In school i sometimes run on some excercises where you need to calculate something that has an inverse function in it but you cannot find the inverse and you need to work your way around it. I know that the inverse function is symmetrical to the original one through the $y=x$, so i figured that if you rotate the function by 90 degrees positive turn (counter-clockwise) and then flip it through the $y$-axis you get the inverse. If you have a 1-1 function like $f(x)=e^x - e^{-x} + c$, is there a way to find the function that gives the same plot but rotated? I am not talking about simply rotating the graph, but about finding the funcion that gives the rotated plot.

Answer 1

if you rotate the [graph of a] function by $90$ degrees positive turn (counter-clockwise) and then flip it through the $y$-axis you get the [graph of the] inverse

That is correct. I wouldn't express it as "the same plot but rotated" because there is also that "flip", or reflection, that you did after rotating it.

Answer 2

Well...the easiest way to find the function $f$ rotated 90 degrees is simply to first find $f^{-1}$, and then to set $g(x) = f^{-1}(-x)$. But that kind of defeats the purpose, since you were trying to rotate as an intermediate step in finding the inverse.

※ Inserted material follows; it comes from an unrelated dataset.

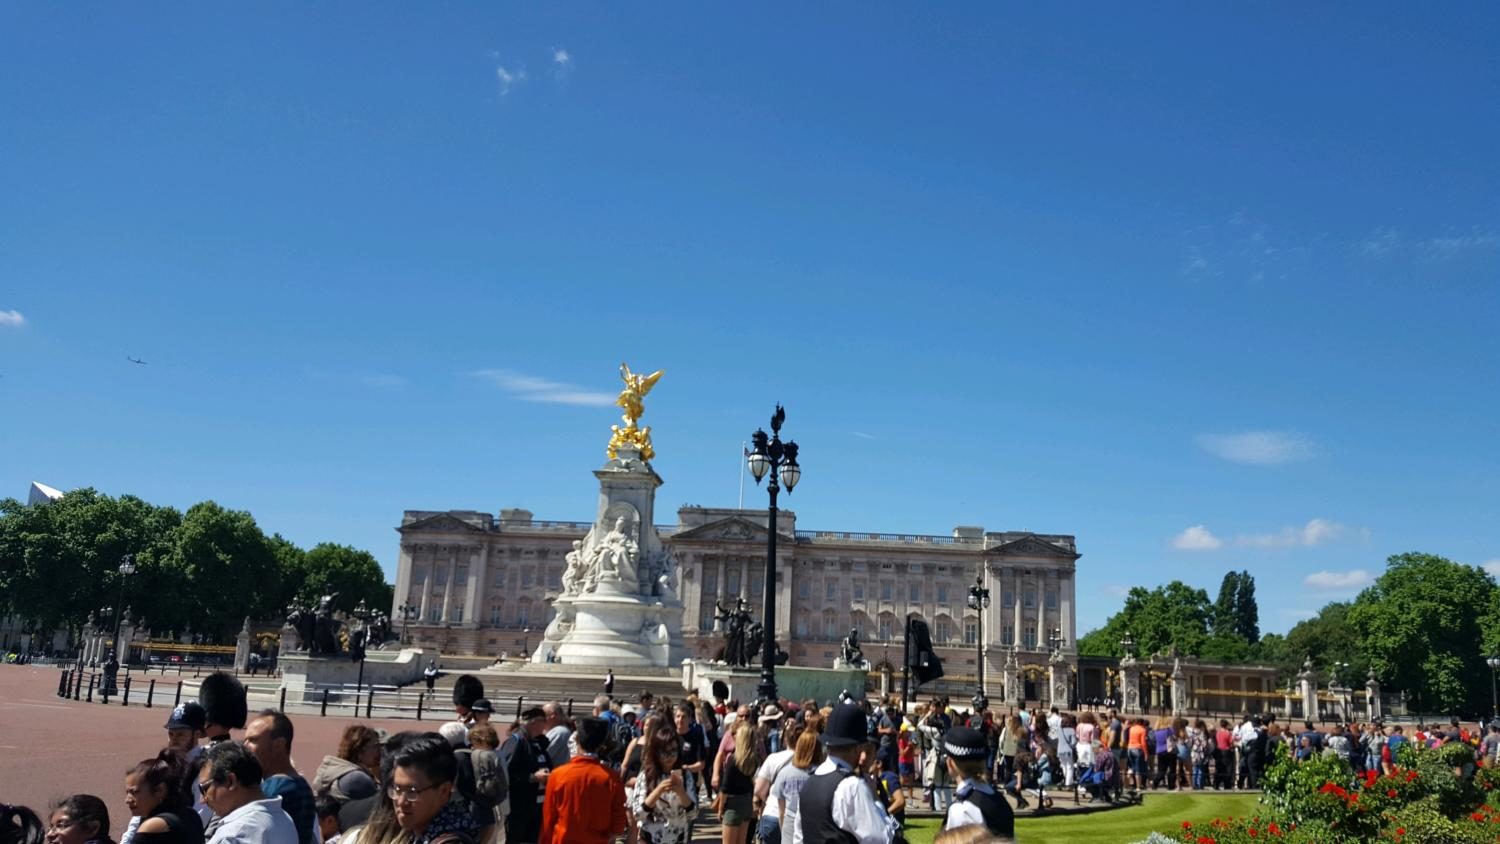 The Culture Club visits Buckingham Palace in London.

To rotate it 90 degrees directly, you could convert it into polar form as a function $r(\theta)$. Then $r'(\theta) = r(\theta- 90)$ rotates it 90 degrees clockwise. Then convert $r'(\theta)$ back into polar form.

But I think it will be easier to just do the standard thing, which is to write it as $y = f(x)$, set $x = f(y)$, and then solve for $y$.

Answer 3

if you have a parametric representation of a function $$x = f_1(t)$$ $$y = f_2(t)$$ where $t \in \mathbb{R}$

then the inversed function would have parametrisation reversed / rotated by 180 ° along the $y=x$ diagonal: $$x = f_2(t)$$ $$y = f_1(t)$$ where $t \in \mathbb{R}$

you may transform each point of the function by matrix $R=\begin{bmatrix} 0&1\\ 1&0\end{bmatrix}$.

Answer 4

In the simplest words, the plot of inverse of a given function is actually a mirror image of the plot of the given function about line y=x. This is because, x-axis and y-axis are also the mirror images of each other about line y=x.

Answer 5

Given a function $f$, it leaves a trace $(x,f(x))^\top$ in the plane. Rotating this trace gives the new graph

$$(\underbrace{x\cos\phi+f(x)\sin\phi}_{g(x)},\;\underbrace{-x\sin\phi+f(x)\cos\phi}_{h(x)})^\top.$$

If you are able to invert $g(x)$, then $\bar f(x):=h(g^{-1}(x))$ will be your rotated function by an angle of $\phi$. Note that $g$ is only invertible if $f'$ nowhere equals $\pm\cot \phi$. Especially functions with unbounded derivative cannot be rotated by any angle.